If you asked the muse of American politics to go Homeric on you and sing of the man who caused the Democratic Party to wander in a wilderness of existential terrors and identity crises since 2016, she might mistakenly start a ditty that was only about Donald Trump.
After all, the president has been the focus of massive protests since his election, and his has seemingly been the only name on the lips of Democratic politicians as they campaign to regain control of the House and Senate this year. He is Twitter logorrheic in the face of tragedy and scandal, and his policies are anathema to the values and ideals of the Obama administration, already a golden age in many Democrats’ eyes.
But Trump is not the only figure to have triggered the soul-searching. “People should not underestimate me,” said a crotchety, largely unknown senator from Vermont named Bernie Sanders when he announced his presidential run in April 2015. People did, of course. Hillary Clinton was seen as the party’s sole viable option and Sanders, as CNN put it, was an “unlikely candidate for the Democratic nomination, primarily because he has never been a registered member of the party and calls himself a ‘democratic socialist.’”
Three years ago, that ideology only existed at the margins of American life. History students might have heard of home-grown socialists such as Eugene Debs, but these were figures from a time out of mind, decades before the Cold War. The idea of socialism as a positive force in the world was alien to most Americans. The policies of progressive Democrats since the New Deal might have overlapped with those of social democrats in Europe, but their emphasis was always on the American dream—enabling people to rise up from their class, rather than impelling them to rise up with it.

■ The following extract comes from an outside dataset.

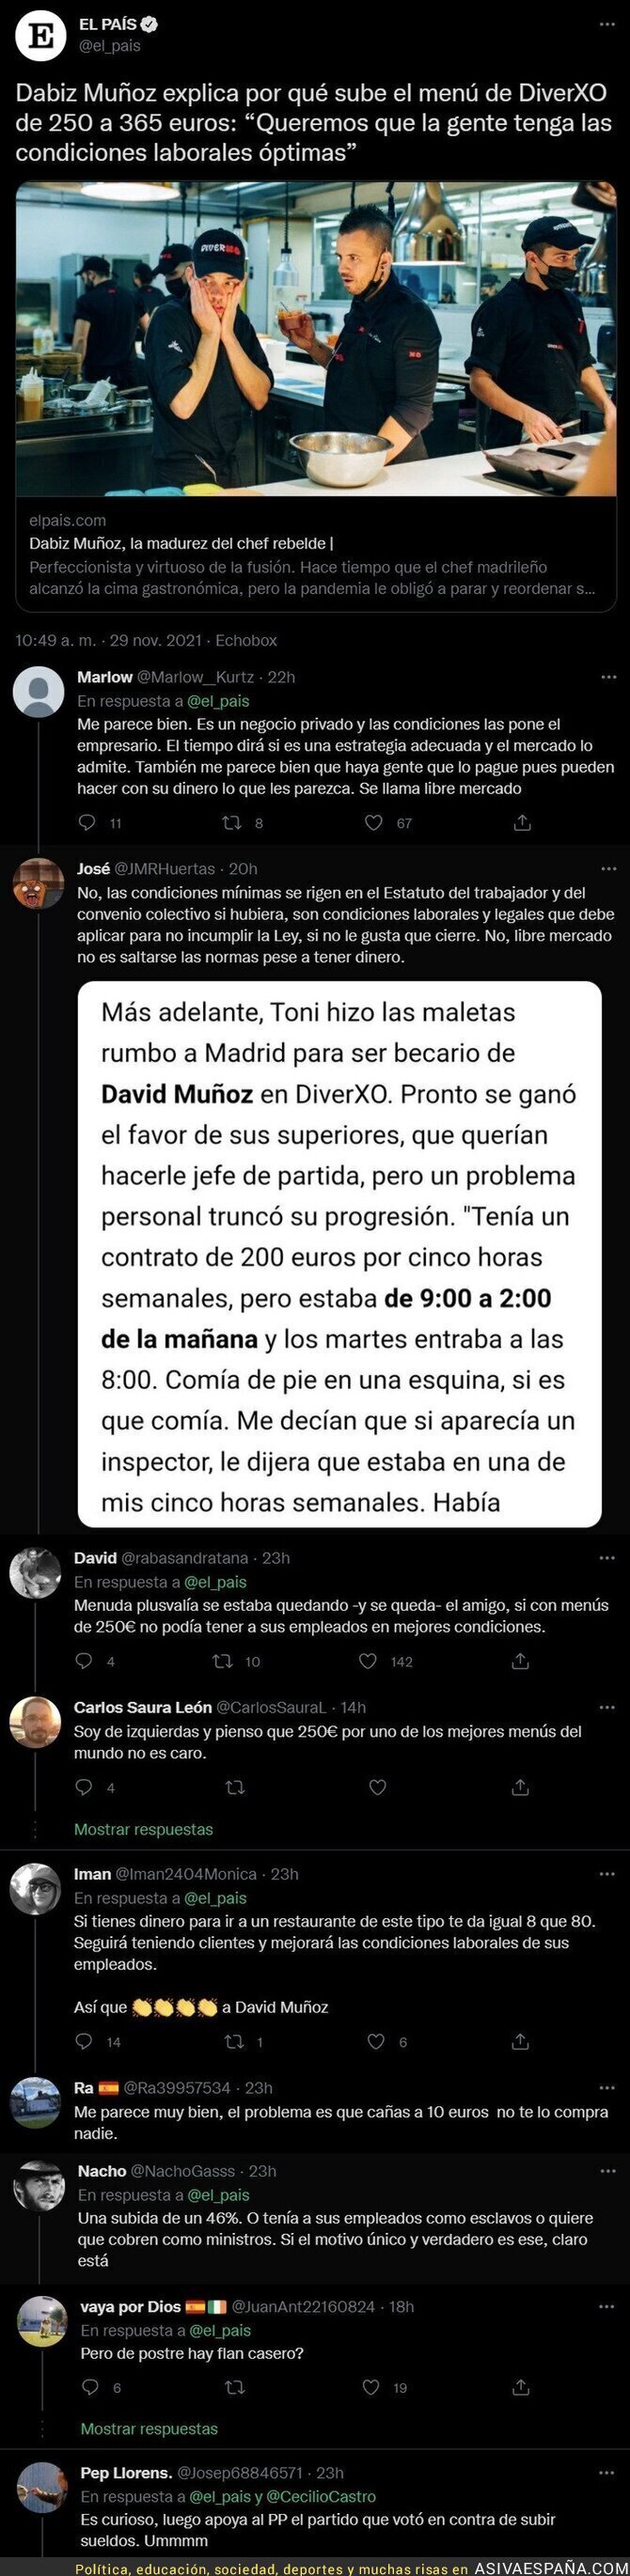 Escándalo por el precio al que ha subido Dabiz Muñoz su menú en el restaurante para pagarle a sus camareros

Post-financial crisis, however, Sanders demonstrated that socialism didn’t have to be so alien anymore. Indeed, he proved it could be an electrifying force in American political life. He packed rallies, first in Iowa and New Hampshire, then around the country. With nothing resembling the connections of Clinton—a former first lady, secretary of state and nearly the Democratic candidate in 2008—and none of her big money donors, Sanders eventually won 23 primaries and caucuses.
Sanders may not have started out with many resources, but he became an overnight celebrity on the strength of his utterly charmless—and thus somehow ultimately charming—harangues about America’s yawning class inequities and a political system made rotten by corporate money. And ever since that night in November 2016, when malcontent rust-belt state voters swung it for Trump, the American left has been haunted by the question as to whether Sanders might have fared better against him.
Since that year, membership in the Democratic Socialists of America has grown from 6,000 to 49,000. It is not a party as such—some states make it tough to get on the ballot without a Democratic or Republican affiliation—but instead a political organisation that throws itself behind candidates who might further its ends. In parallel, red roses have begun to appear in Twitter profiles, indicating the user’s level of socialist “wokeness.” The New York Times recently published an online quiz: “Are You A Democratic Socialist?”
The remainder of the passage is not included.